# Module Information

#### Course Delivery

Delivery Type | Delivery length / details |
---|---|

Lecture | 18 Hours. (18 x 1 hour lectures) |

Seminars / Tutorials | 3 Hours. (3 x 1 hour example classes) |

Other | Workshops 4 Hours (2 x 2 hour workshops) |

#### Assessment

Assessment Type | Assessment length / details | Proportion |
---|---|---|

Semester Assessment | Coursework (2 assignments) | 20% |

Semester Exam | 2 Hours (written examination) | 80% |

Supplementary Exam | 2 Hours (written examination) | 100% |

### Learning Outcomes

On completion of this module, students should be able to:

1. construct an interpolating polynomial using either the Lagrange or Newton formula, and describe their relative advantages and disadvantages;

2. prove the error formula for Lagrange interpolation;

3. construct divided and forward difference tables for prescribed data;

4. construct a cubic spline interpolant and discuss the advantage of this approach over the use of the Lagrange interpolant;

5. derive the trapezoidal and Simpson's rules for approximating an integral;

6. derive the error term for the trapezoidal rule;

7. derive the formula for Romberg integration;

8. derive Gauss-type integration rules;

9. develop a simple numerical integration program in Python;

10. determine the root(s) of a nonlinear equation using the bisection method, functional iteration and Newton's method;

11. state and prove the conditions under which the sequence x{r+1}=g(x{r}) converges to a unique root of the equation x=g(x);

12. determine the order of an iterative process for computing the root of an equation;

13. give a geometrical interpretation of Newton's method;

14. develop a simple root finding program in Python;

15. state the conditions under which an initial value problem possesses a unique solution;

16. define the concepts of consistency, convergence and stability for one-step methods for solving initial value problems;

17. compute numerical approximations to the solution of initial value problems using one-step methods including predictor-corrector methods;

18. determine the consistency, convergence and stability of given one-step methods.

### Brief description

It is often impossible to find the exact solution of a mathematical problem using standard techniques. In these situations one has to resort to numerical techniques. Numerical analysis is concerned with the development and analysis of methods for the numerical solution of practical problems. This course will provide an introduction to the subject.

### Aims

To introduce students to the techniques for the numerical approximation of mathematical problems, and to the analysis of these techniques.

### Content

2. NUMERICAL INTEGRATION: Trapezoidal rule, Simpson's rule. Composite integration rules. Quadrature errors. Romberg integration. Gaussian quadrature rules.

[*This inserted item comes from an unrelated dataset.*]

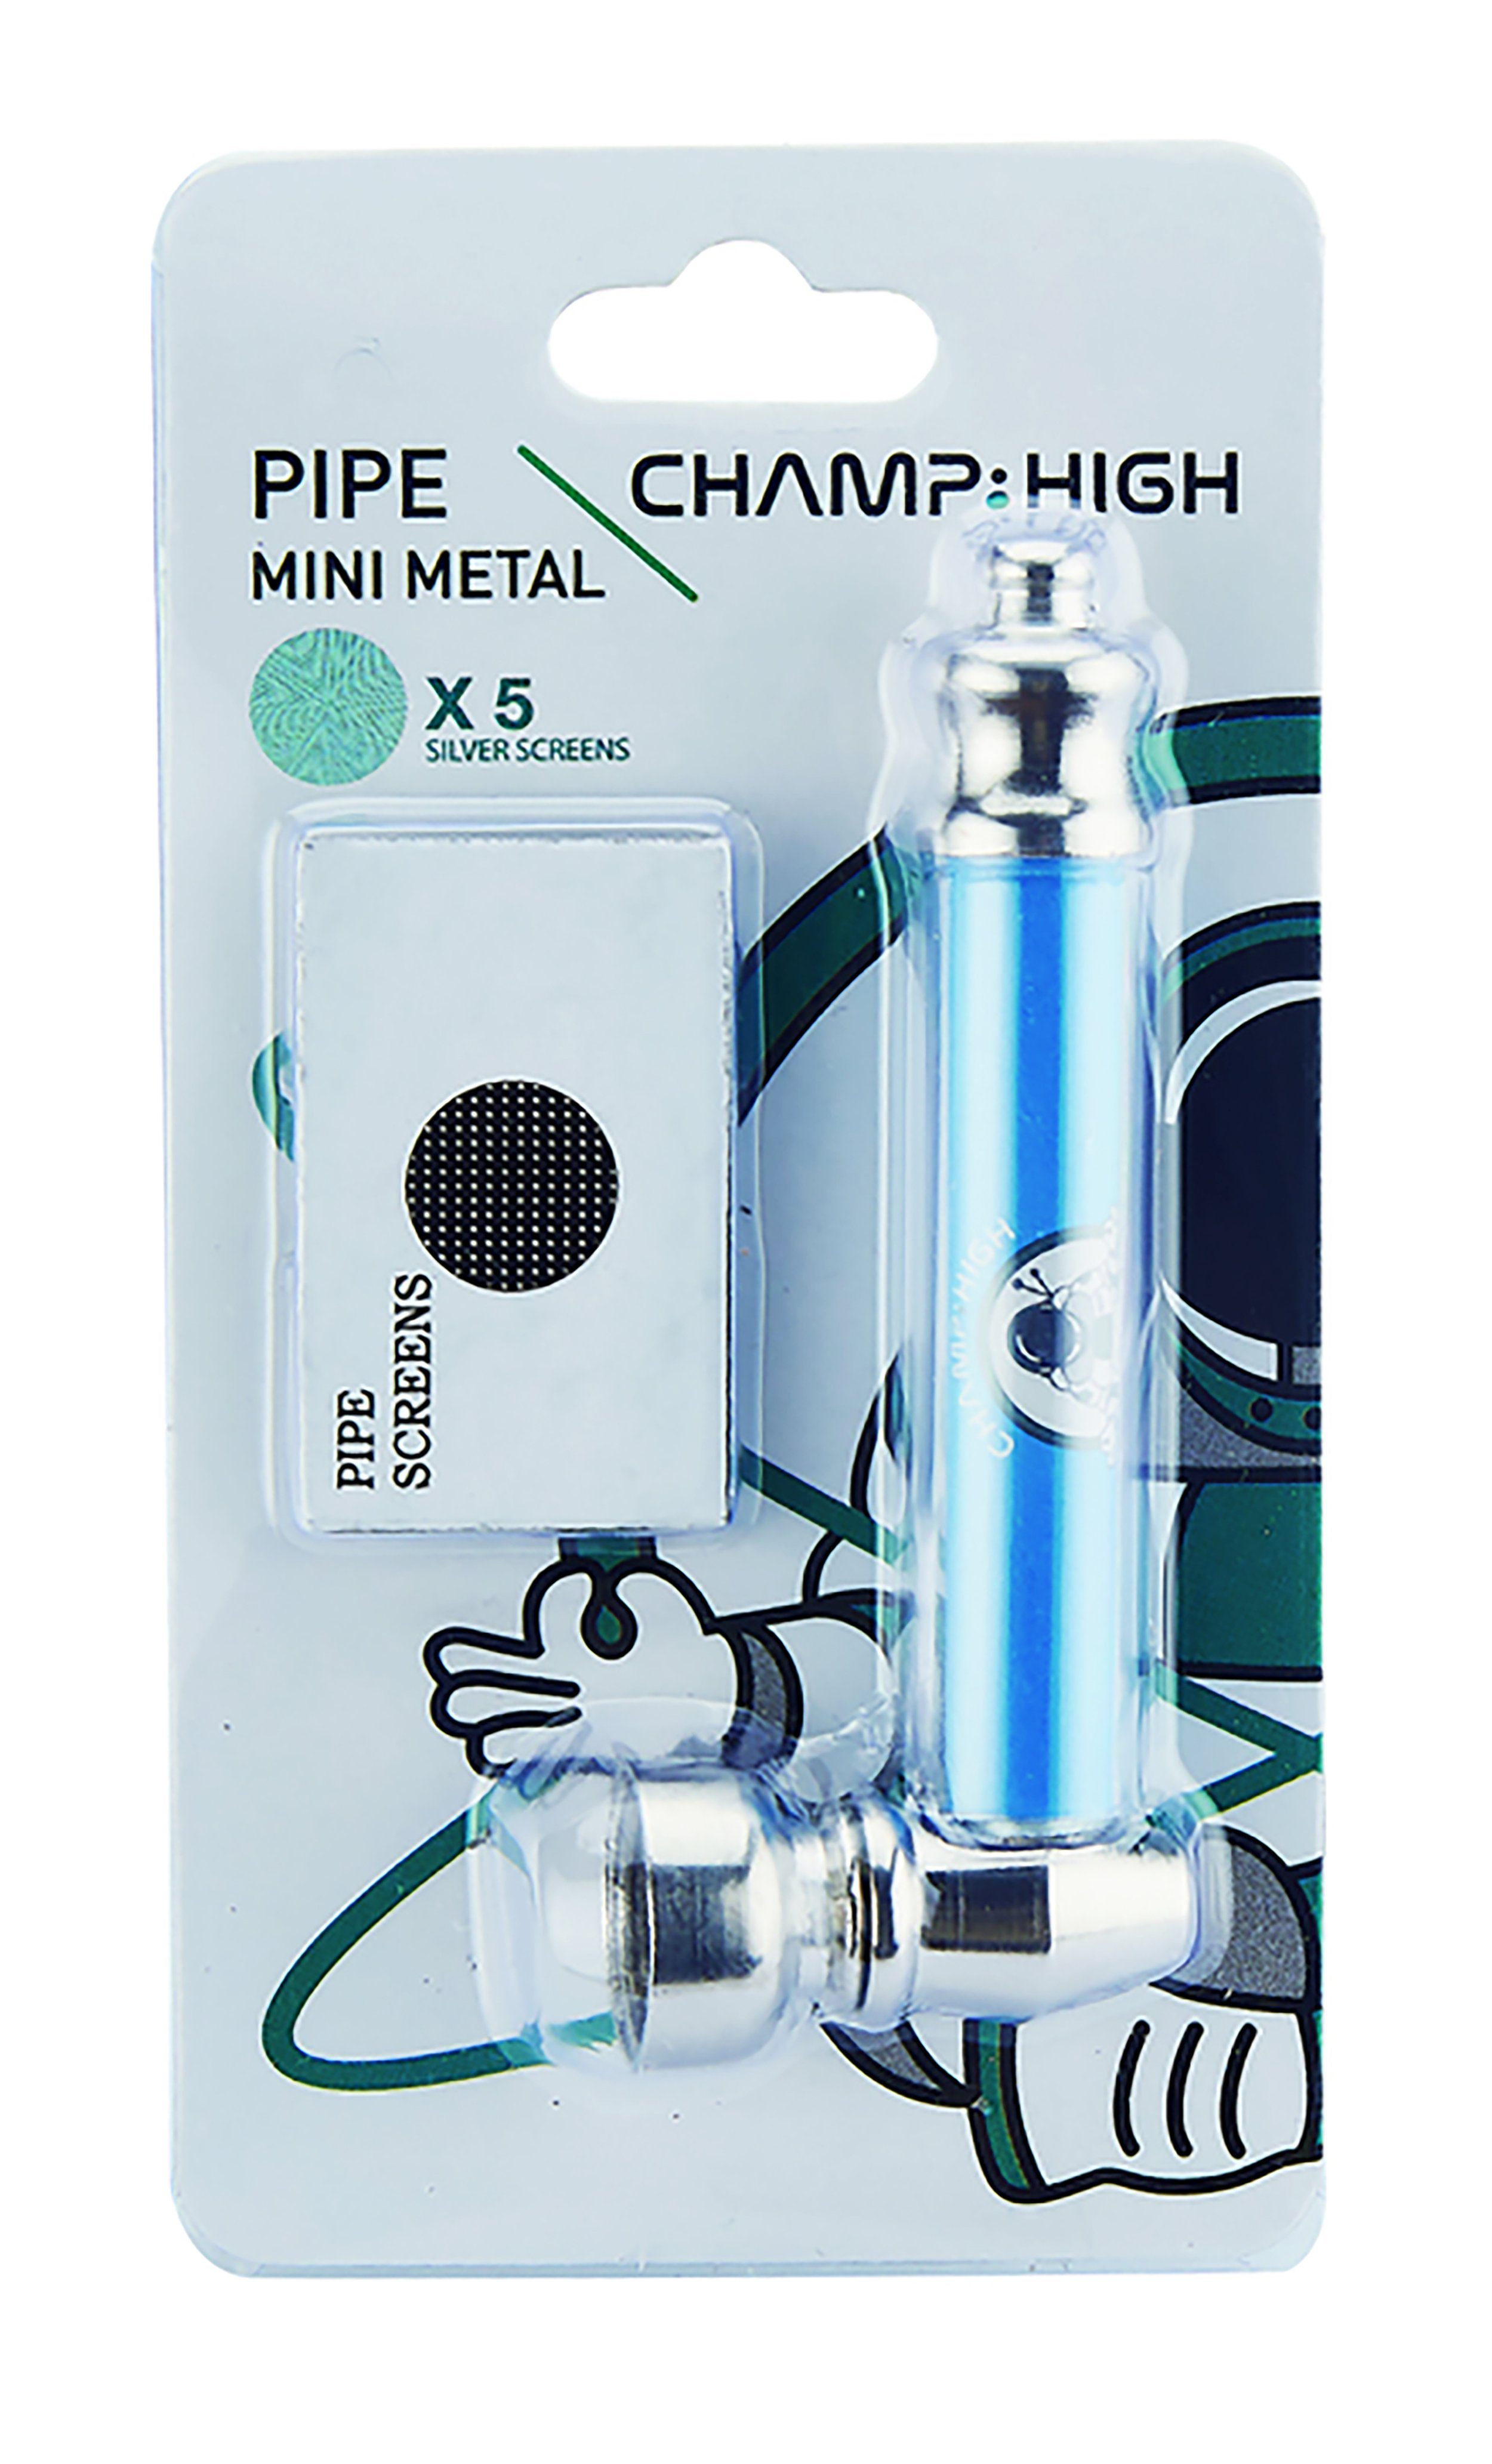 PFEIFE mit Pipe Tabak Handpfeife 54 CHAMP MINI HIGH Metall Tabakpfeife (Blau), Sieben 8,5cm 5 lang

3. SOLUTION OF NONLINEAR EQUATION IN A SINGLE VARIABLE: Bisection method. Fixed point methods and contraction mappings. Newton's method. Order of convergence.

4. INITIAL VALUE PROBLEMS: Existence and uniqueness of solutions. Euler's method. Local truncation error.

Consistency. Convergence. Stability. General one-step methods. Trapezoidal method.

Predictor-corrector methods.

### Reading List

**Supplementary Text**

A S Wood (1999) Introduction to Numerical Analysis Addison Wesley Primo search B Wendorff (1967) Theoretical Numerical Analysis Academic Press Primo search C F Gerald and P O Wheatley (1999) Applied Numerical Analysis 6th Ed Addison-Wesley Primo search E Suli and D Mayers (2003) An Introduction to Numerical Analysis CUP Primo search

### Notes

This module is at CQFW Level 5